Wavepacket and Reduced-Density Approaches for High-Dimensional Quantum Dynamics: Application to the Nonlinear Spectroscopy of Asymmetrical Light-Harvesting Building Blocks

TL;DR

This paper compares wavepacket and reduced-density matrix methods for simulating high-dimensional quantum dynamics in light-harvesting systems, demonstrating their application to nonlinear spectroscopy and ultrafast excitation-energy transfer in complex molecular models.

Contribution

It introduces a combined approach using ML-MCTDH and HEOM for high-dimensional quantum dynamics and applies it to model ultrafast EET and spectroscopy in asymmetrical PPE dendrimers.

Findings

ML-MCTDH and HEOM methods effectively simulate 93-dimensional vibronic dynamics.

High-frequency vibrational modes are crucial for EET dynamics.

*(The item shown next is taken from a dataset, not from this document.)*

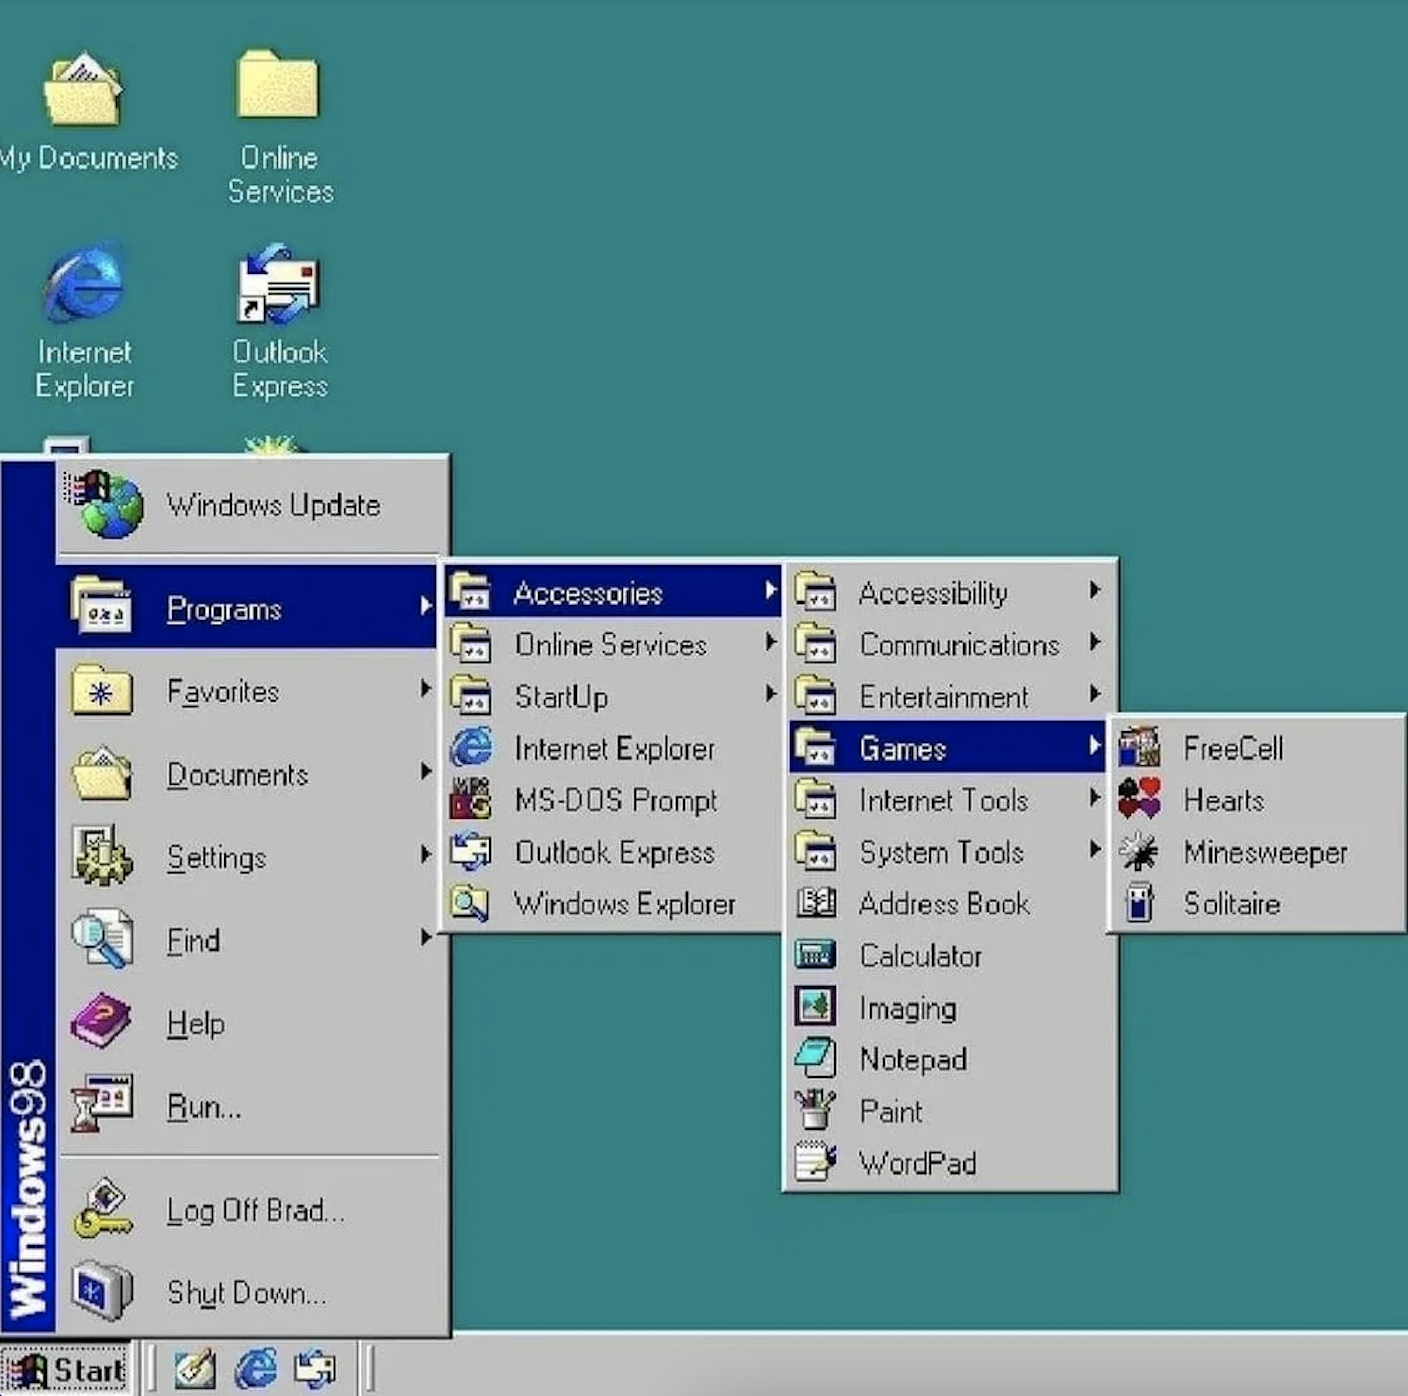 Old Windows menu bar
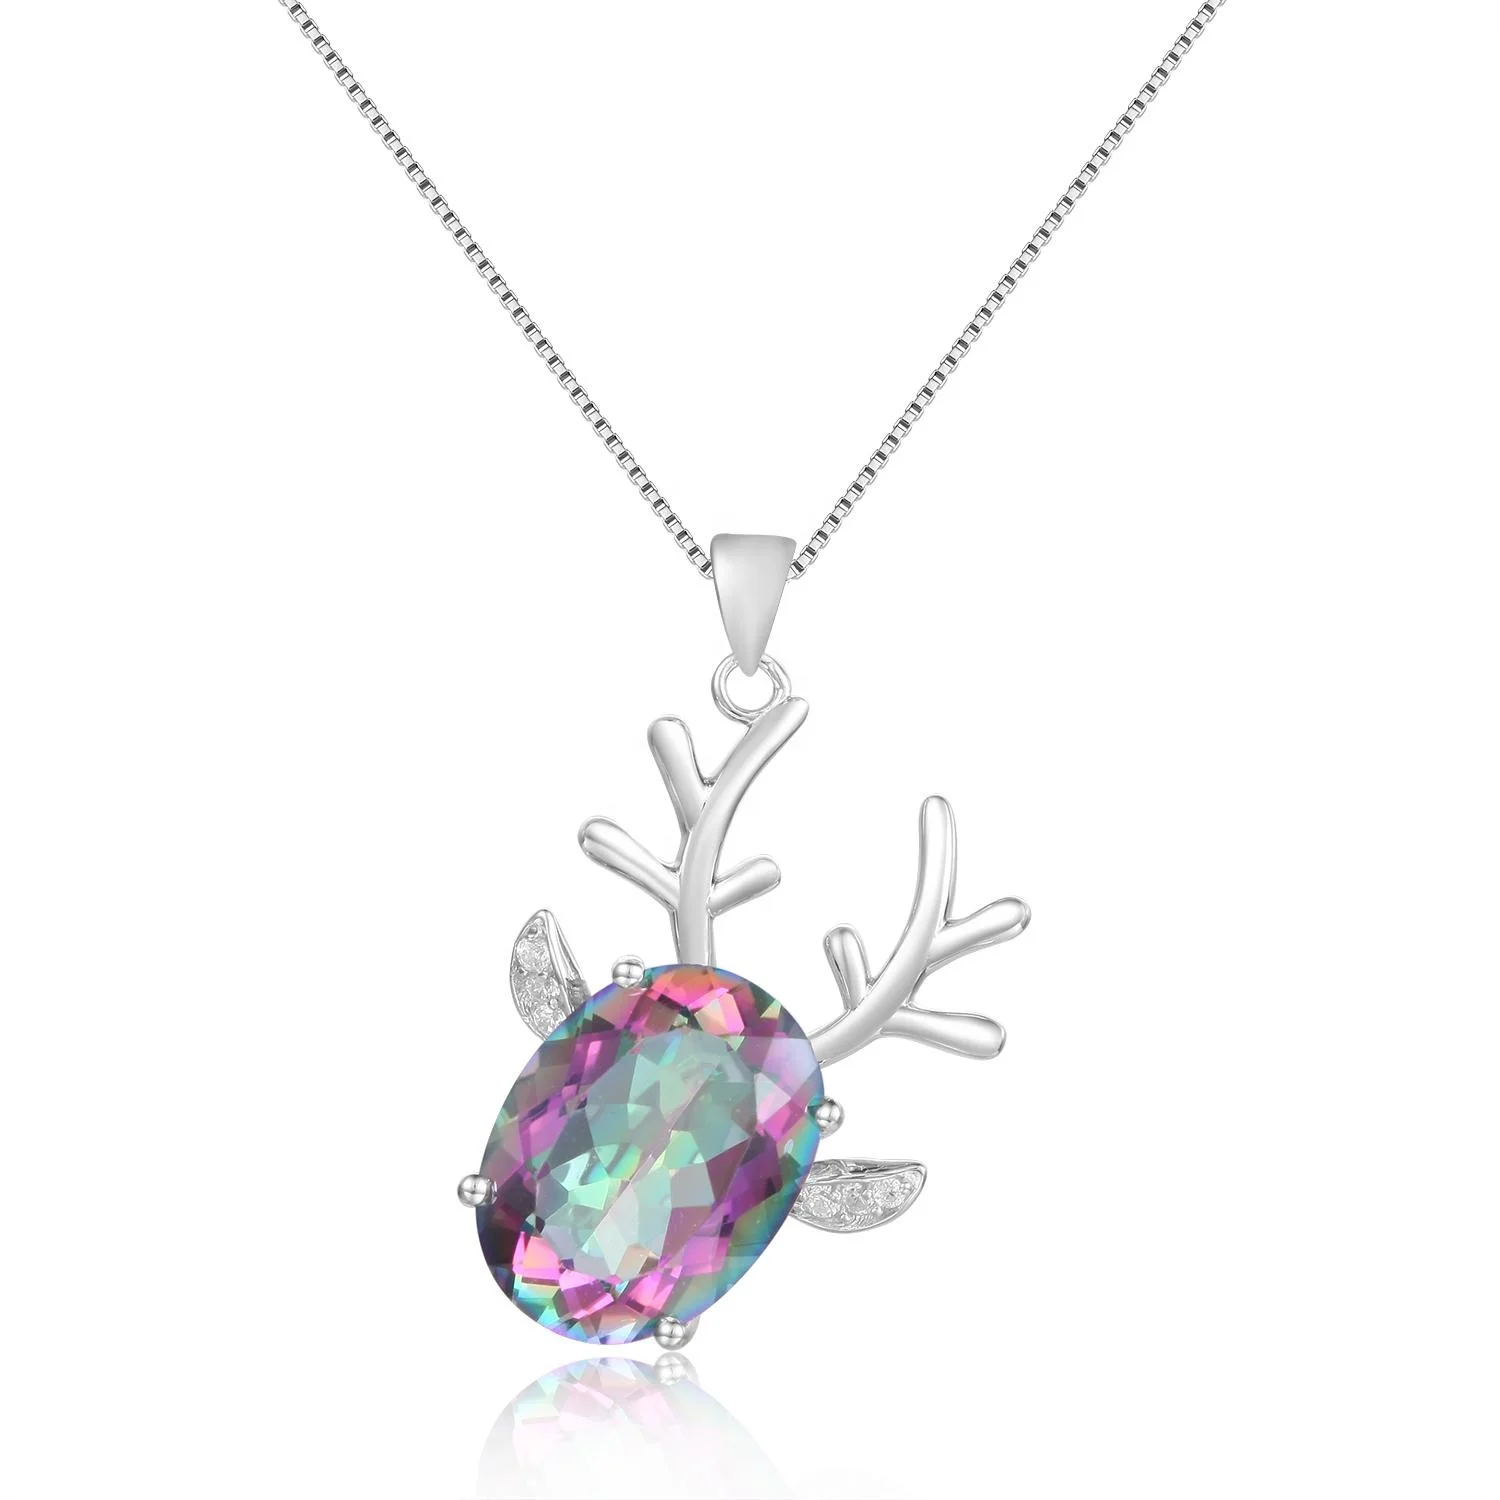 

Abiding Natural 12X16 Mystic Quartz-Rainbow Gemstone Jewelry Animal Deer 925 Sterling Silver Fashion Pendant Necklace Women

Minimal vibronic-coupling models can predict polarization-sensitive signals.

Abstract

Excitation-energy transfer (EET) and relaxation in an optically excited building block of poly(phenylene ethynylene) (PPE) dendrimers are simulated using wavepackets with the multilayer multiconfiguration time-dependent Hartree (ML-MCTDH) method and reduced-density matrices with the hierachical equations of motion (HEOM) approach. The dynamics of the ultrafast electronic funneling between the first two excited electronic states in the asymmetrically meta-substituted PPE oligomer with two rings on one branch and three rings on the other side, with a shared ring in between, is treated with 93-dimensional ab initio vibronic-coupling Hamiltonian (VCH) models, either linear or with bilinear and quadratic terms. The linear VCH model is also used to calibrate an open quantum system that falls in a computationally demanding non-perturbative non-Markovian regime. The linear-response absorption and emission spectra are simulated with both the ML-MCTDH and HEOM methods. The latter is further used to explore the nonlinear regime towards two-dimensional (2D) spectroscopy. We illustrate how a minimal VCH model with the two main active bright states and the impulsive-pulse limit in third-order response theory may provide at lower cost polarization-sensitive time-resolved signals that monitor the early EET dynamics. We also confirm the essential role played by the high-frequency acetylenic and quinoidal vibrational modes.